Wednesday, October 15, 2014

Paris, the Left Bank

Drove to the epic Gare de Lyon and parked in their expensive underground lot.  Paris has buses, trams, subways, trains, and the TGV.  They all converge on the Gare de Lyon in a vast confusion of levels, directions and services.  The same Metro line, for instance, may have two completely different end destinations in one direction and three in the other, so that just because you caught the A14 to go to your destination, doesn't mean you can take just any A14 to get back.  You can transfer from a Metro to a train on the same platform in some stations, and trains don't stop as frequently as Metros, so you can get a good distance in the wrong direction before figuring it out.  It pays to study some of the thousands of signs.

Grabbed the Metro to St. Lazare station and transferred to the Varennes line, debarking near the Rodin Museum.  After touring the gardens (his most famous works are there), we had lunch al fresco at their restaurant and toured the small museum.  Then it was off through occasional sprinkles of rain, for a long walk along the left bank, the Eiffel Tower, Tour Montparnasse and Les Invalides peeking at us down side streets.  We passed the PM's office (oh, that's what all the police are for!), the Sorbonne, the university's still-working astronomical observatory, the Senate, strolled through the magnificent Luxembourg Gardens, stopped for a cafe crema in a bistro and eventually arrived at the awesome Pantheon.

Once a great Basilica, it was trashed in the Revolution, then converted into a museum of France's great men.  Louis XV restored it's use as a church and the Republic returned it to it's present status as the resting place of France's great.  Entombed here are such luminaries as Voltaire, Rousseau, the Curies and innumerable generals.  Foucault's Pendulum, much anticipated by Paul, is displayed here but was closed for repairs?  A wire and a weight?
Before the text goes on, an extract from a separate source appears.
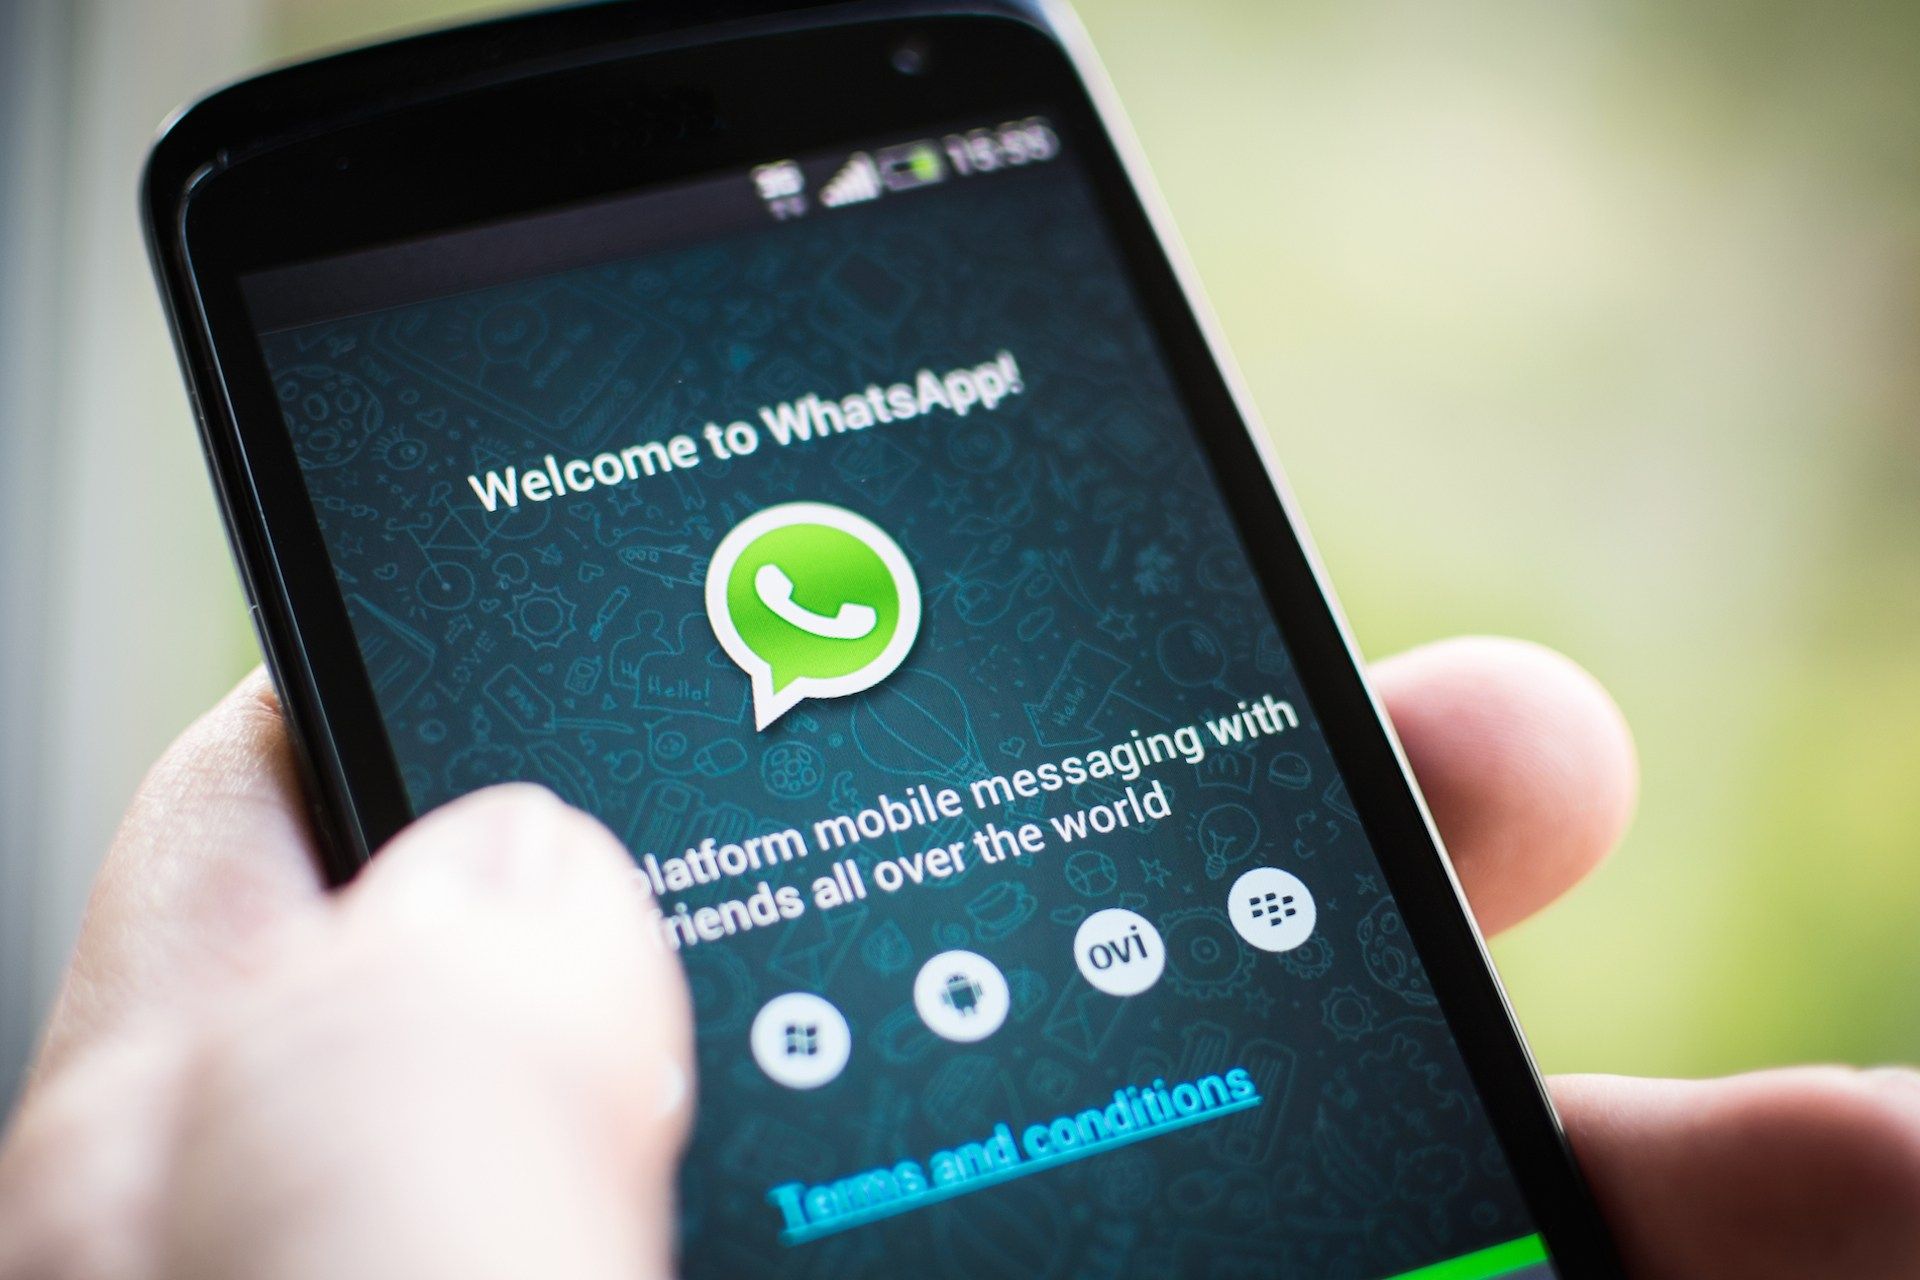 Kostenlose Videoanrufe auf WhatsApp?

Then back through several Metros to the Gare de Lyon and home just before the rush hour hit its stride, tired but happy.   Turns out the oddly painted house across the street from our hotel is a shrine to the painter Eugene Delacroix.  There's something famous everywhere you look.

Rodin Museum and gardens

Rodin's Balzac

The Thinker

The Burghers of Calais

The Kiss

The Gates of Hell

Statue of Mary Stuart in Luxembourg Gardens

Luxembourg Gardens

Pond in the Gardens

The Senate (formerly Luxembourg Palace) from the gardens

Pantheon interior

Pantheon exterior, under repairs of course

Rousseau's tomb in the Pantheon crypt

Voltaire's tomb

Marie and Pierre Curie

Eugene Delacroix birthplace and museum

1 comment:

  1. Fond memories of my visit to Paris when Lee lived there..... What a great city! Thanks for jarring my memory with these fabulous snapshots.